Undramatic and unheroic
"God in fact reaches us where we are, at home, in the prosaic reality of our daily lives. Before we start to lay huge spiritual demands on ourselves and present ourselves with some great hurdle in our spiritual life, perhaps we should try to live out our daily lives 'tenderly and competently'... This is where the relevance of the Rule becomes clear, for the Benedictine life it shows us is undramatic and unheroic; it simply consists of doing the ordinary things of life carefully and lovingly, with the attention and reverence that can make of them a way of prayer, a way to God"
Esther De Waal, Living with Contradiction, p. 71
I have this hanging on the wall above my desk. I don't know anymore where I copied it from. I'm pretty sure it was quoted in some other book or article that I read.
This morning in meeting for worship at my sons' school, I was thinking about Liz Opp's query/prayer, "God, how can I be of service?" And the answer I was hearing was that it's not going to be, "hey Robin, lead my people out of slavery," or "Stop the Iraq war." It's more like, "Stop and hold the door for the rest of these people," or "Sit down and listen to your grandmother tell that story AGAIN."

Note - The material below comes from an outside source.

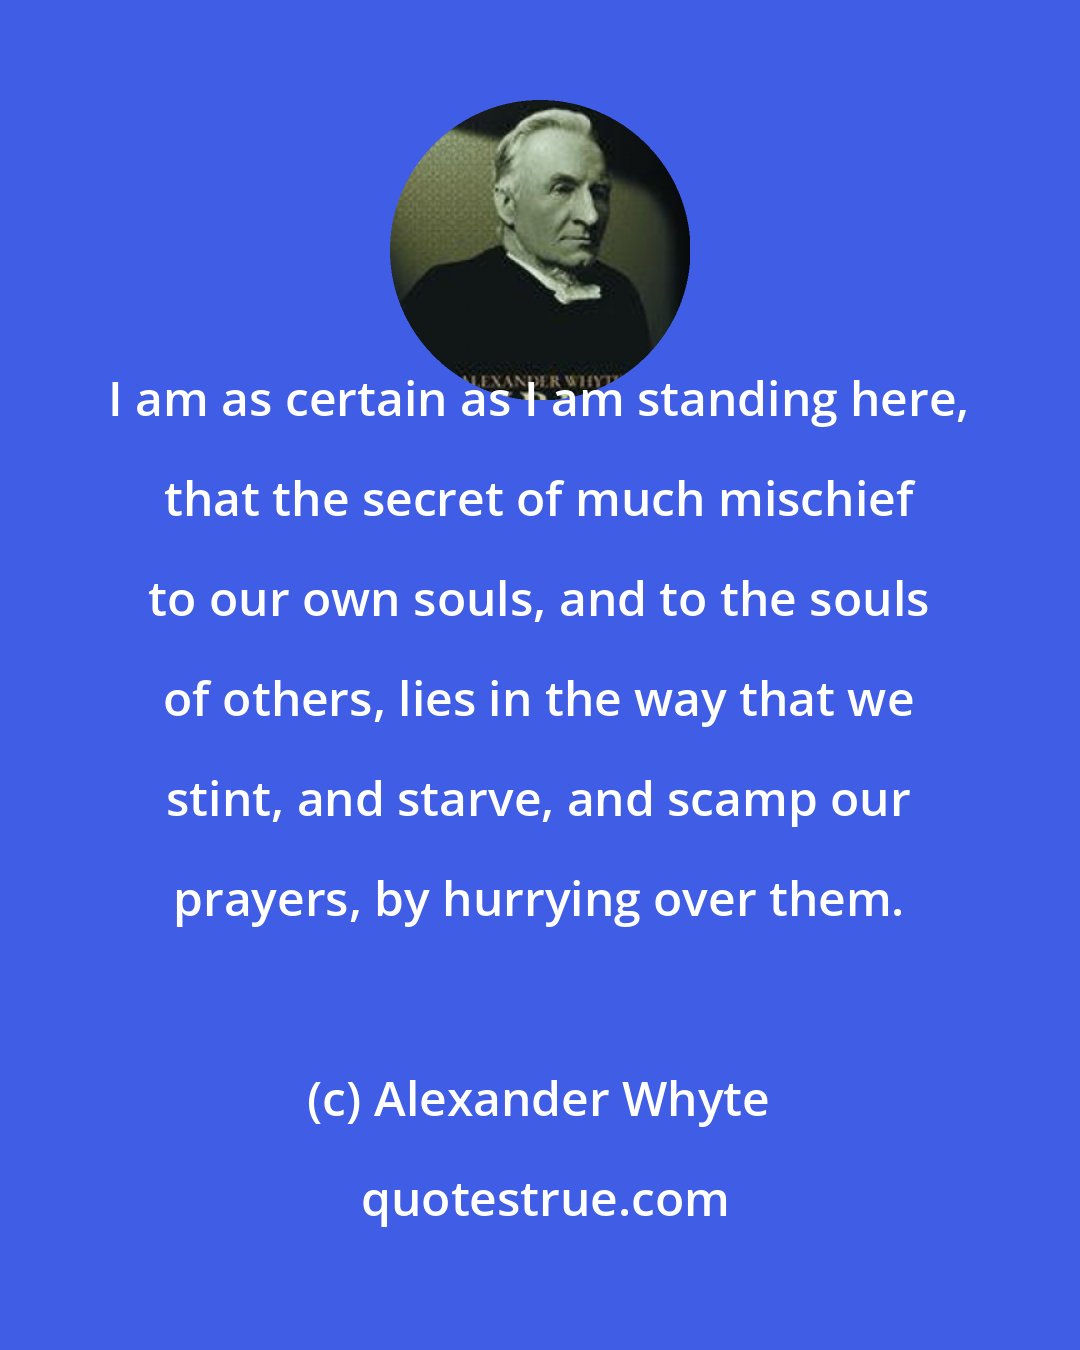 Alexander Whyte: I am as certain as I am standing here, that the secret of much mischief to our own souls, and to the souls of others, lies in the way that we stint, and starve, and scamp our prayers, by hurrying over them.

God may have bigger work for me. Actually, this week I am working on preparing a workshop that I've been asked to lead in 2009. But most of today (and tomorrow, and most of 2009) is just going to be undramatic and unheroic. If I can do it "tenderly and competently," that will be good enough.
One of the geniuses of Quakerism, for me, is the idea that we can live a consecrated life in our regular families. Ministry isn't a separate job, only for specially called people who only do ministry and never laundry. I keep repeating that it matters a lot to me that for Friends, motherhood and ministry are not mutually exclusive. Even if the lack of single-minded focus is frustrating at times.